Tree Building & Transformations
The tree building methods listed here ensure that the nodes of the tree(s) they build are fully initialized, i.e. they have a unique number, binary representation and a height. Therefore there is no need to run initialize_tree! or update_tree! after running them.
Matrix Representation
MCPhyloTree.leave_incidence_matrix
— Methodfunction leave_incidence_matrix(root::G)::Matrix{Float64} where {G<:AbstractNode}
Calculate the incidence matrix of the tree whos root node is root
For a tree with $m$ leaves and $n$ vertecies this function returns an $m \times n$ matrix $L$, where $L_{ij} = 1$ if vertex $j$ is on the path from leave $i$ to the root of the tree and $0$ otherwise.
Returns leave incidence matrix.
root
: Root node of the tree
MCPhyloTree.to_covariance
— Methodto_covariance(tree::N, blv::Array{T})::Array{T,2} where {N<:AbstractNode,T<: Real}
Calcualte the variance-covariance matrix from tree
. An entry (i,j) of the matrix is defined as the length of the path connecting the latest common ancestor of i and j with the root of the tree.
Returns an Array of Real numbers.
tree
: Node in tree of interest.blv
: branchlength vector of tree.
MCPhyloTree.to_df
— Methodto_df(root::GeneralNode)::Tuple{Array{Float64}, Vector{String}}
This function returns a matrix representation of the tree structure and a vector with the column names.

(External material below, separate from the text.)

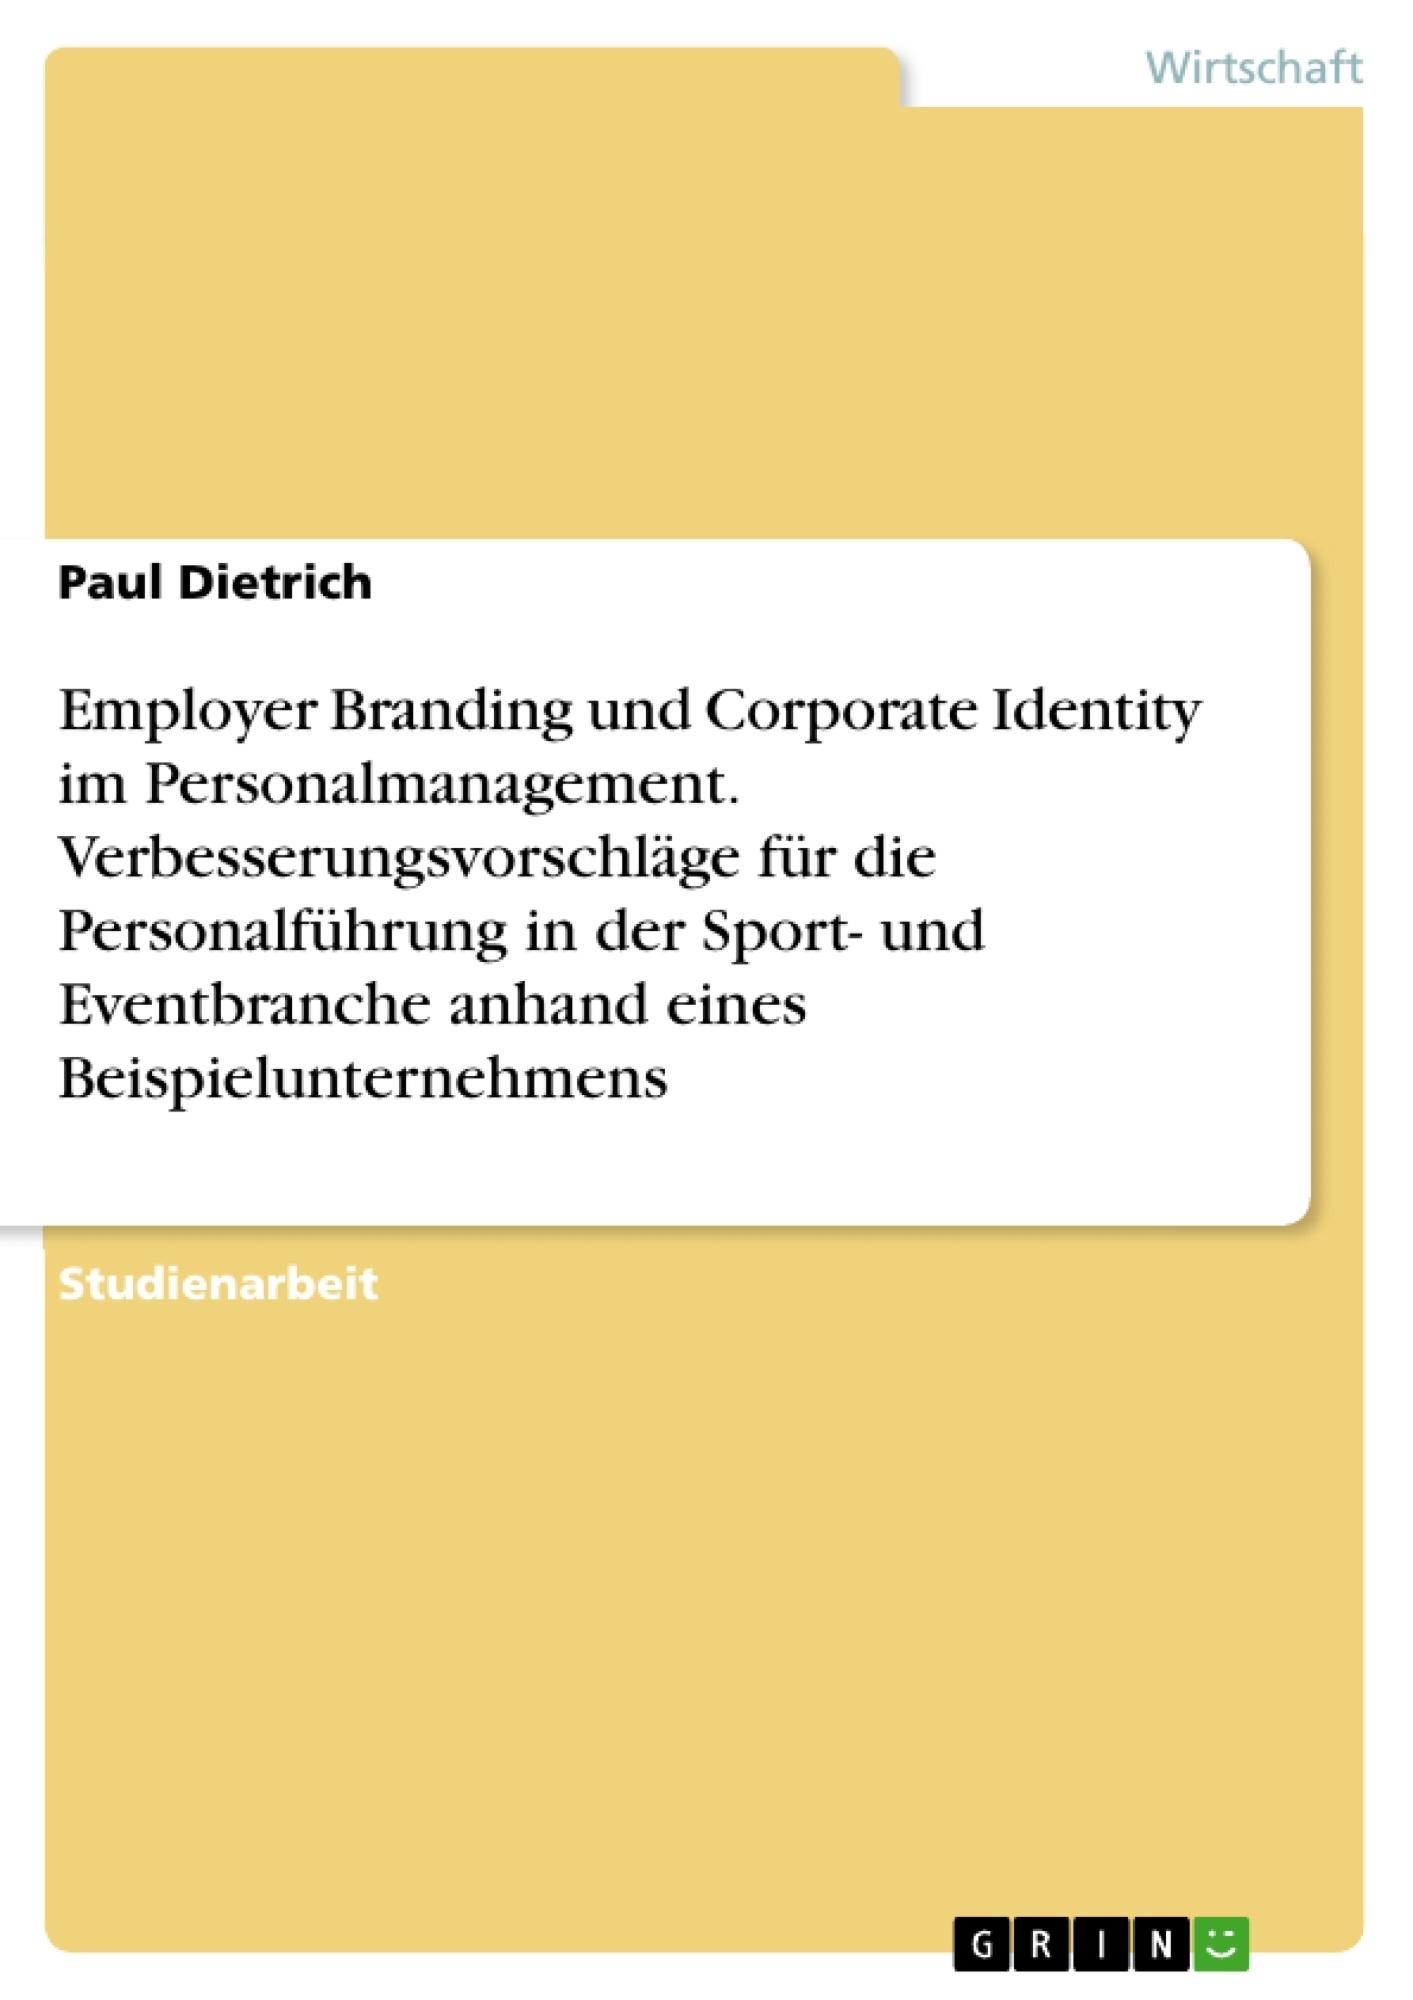 Titel: Employer Branding und Corporate Identity im Personalmanagement. Verbesserungsvorschläge für die Personalführung in der Sport- und Eventbranche anhand eines Beispielunternehmens

The entry mat[i,j]
is the length of the edge connecting node i
with node j
. Returns Tuple containing the matrix and a vector of names.
root
: root of tree used to create matrix represenation.
MCPhyloTree.to_distance_matrix
— Methodto_distance_matrix(tree::T)::Array{Float64,2} where T <:AbstractNode
Calculate the distance matrix over the set of leaves.
Returns an Array of Floats.
tree
: root node of tree used to perform caclulcation.
Newick Parsing
MCPhyloTree.ParseNewick
— MethodParseNewick(s::String)::Union{GeneralNode, Array{GeneralNode, 1}}
This function takes a string - either a filename or a newick string - and reads the file / string to return an array of trees (represented as Node objects). The file should solely consist of newick tree representations, separated by line. The function checks for proper newick formatting, and will return an error if the string / file is incorrectly formatted.
Newick string input: Returns the root of the tree represented by the newick string. Filename input: Returns an Array of Nodes; each Node is the root of the tree represented by a newick string in the file.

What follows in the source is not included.